Optimize Tx path by using AVX512 instructions and vectorize the
tx free bufs process.

Signed-off-by: Leyi Rong <leyi.rong@intel.com>
Signed-off-by: Bruce Richardson <bruce.richardson@intel.com>
---
 drivers/net/i40e/i40e_rxtx.c            |  19 +++
 drivers/net/i40e/i40e_rxtx.h            |   4 +
 drivers/net/i40e/i40e_rxtx_vec_avx512.c | 152 ++++++++++++++++++++----
 3 files changed, 155 insertions(+), 20 deletions(-)

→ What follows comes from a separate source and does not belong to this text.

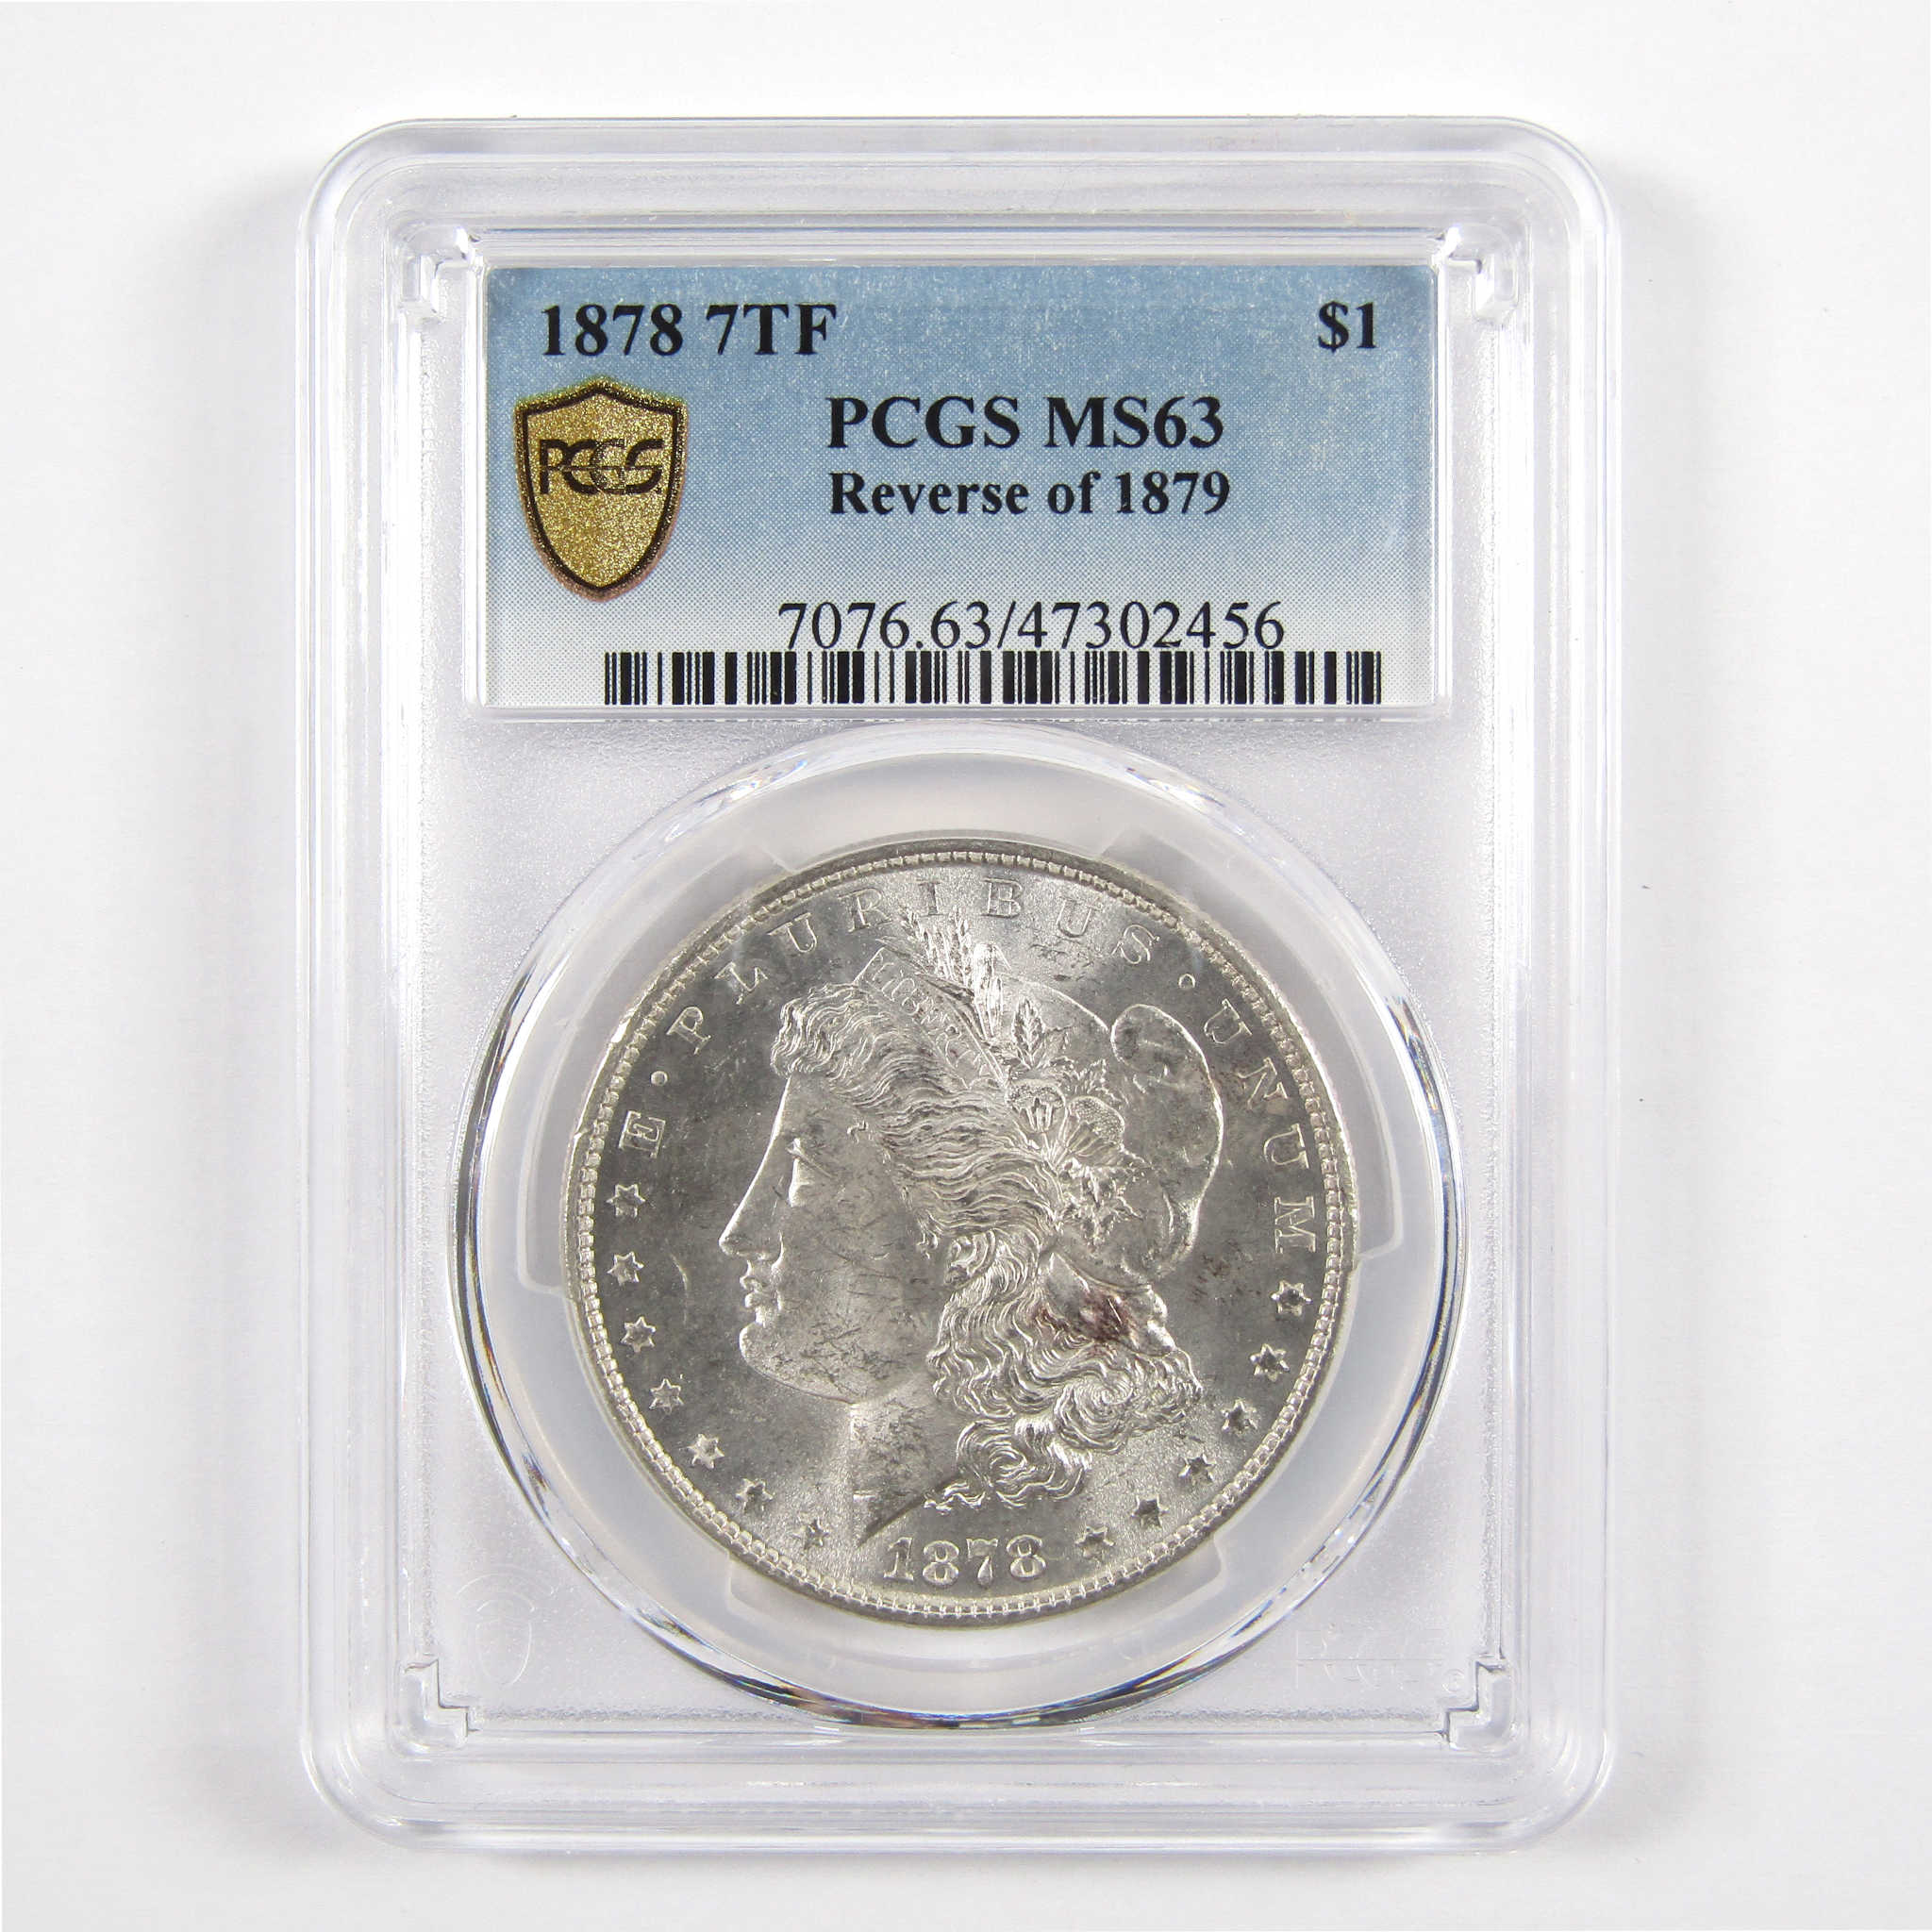 1878 7TF Rev 79 Morgan Dollar MS 63 PCGS 90% Silver $1 SKU:I11201 - Morgan coin - Morgan silver dollar - Morgan silver dollar for sale - Profile Coins &amp; Collectibles
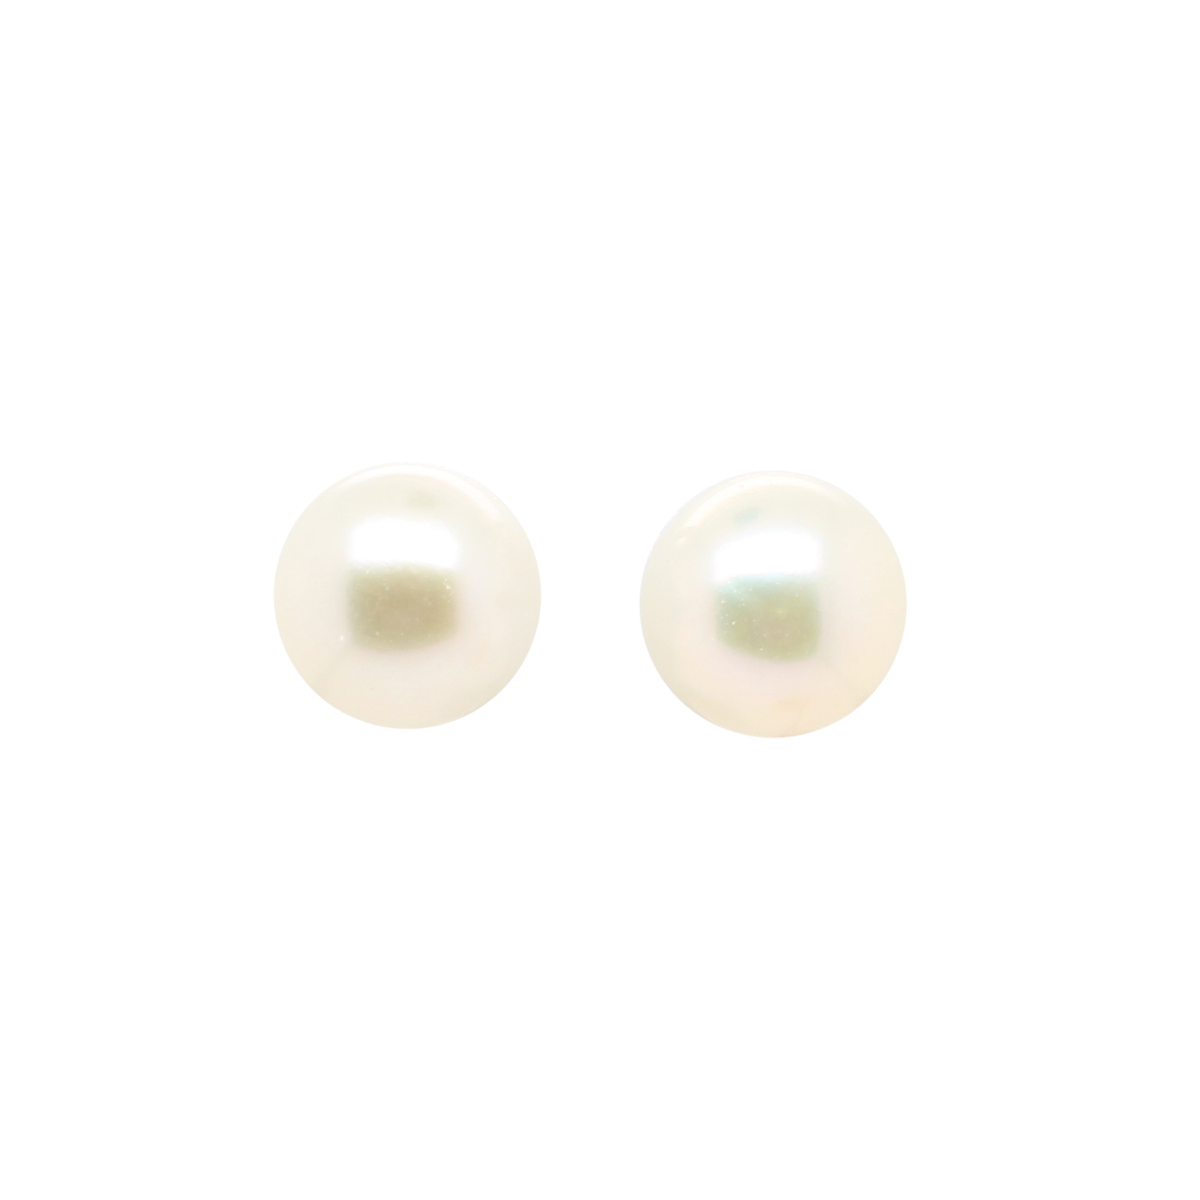 China Pearl 14 Karat White Gold Freshwater Cultured Pearl Earrings  Each Earring Contains One Pearl Measuring 8-9mm  AAA Quality

diff --git a/drivers/net/i40e/i40e_rxtx.c b/drivers/net/i40e/i40e_rxtx.c
index c99c051306..194bc3571f 100644
--- a/drivers/net/i40e/i40e_rxtx.c
+++ b/drivers/net/i40e/i40e_rxtx.c
@@ -2508,6 +2508,25 @@ i40e_tx_queue_release_mbufs(struct i40e_tx_queue *txq)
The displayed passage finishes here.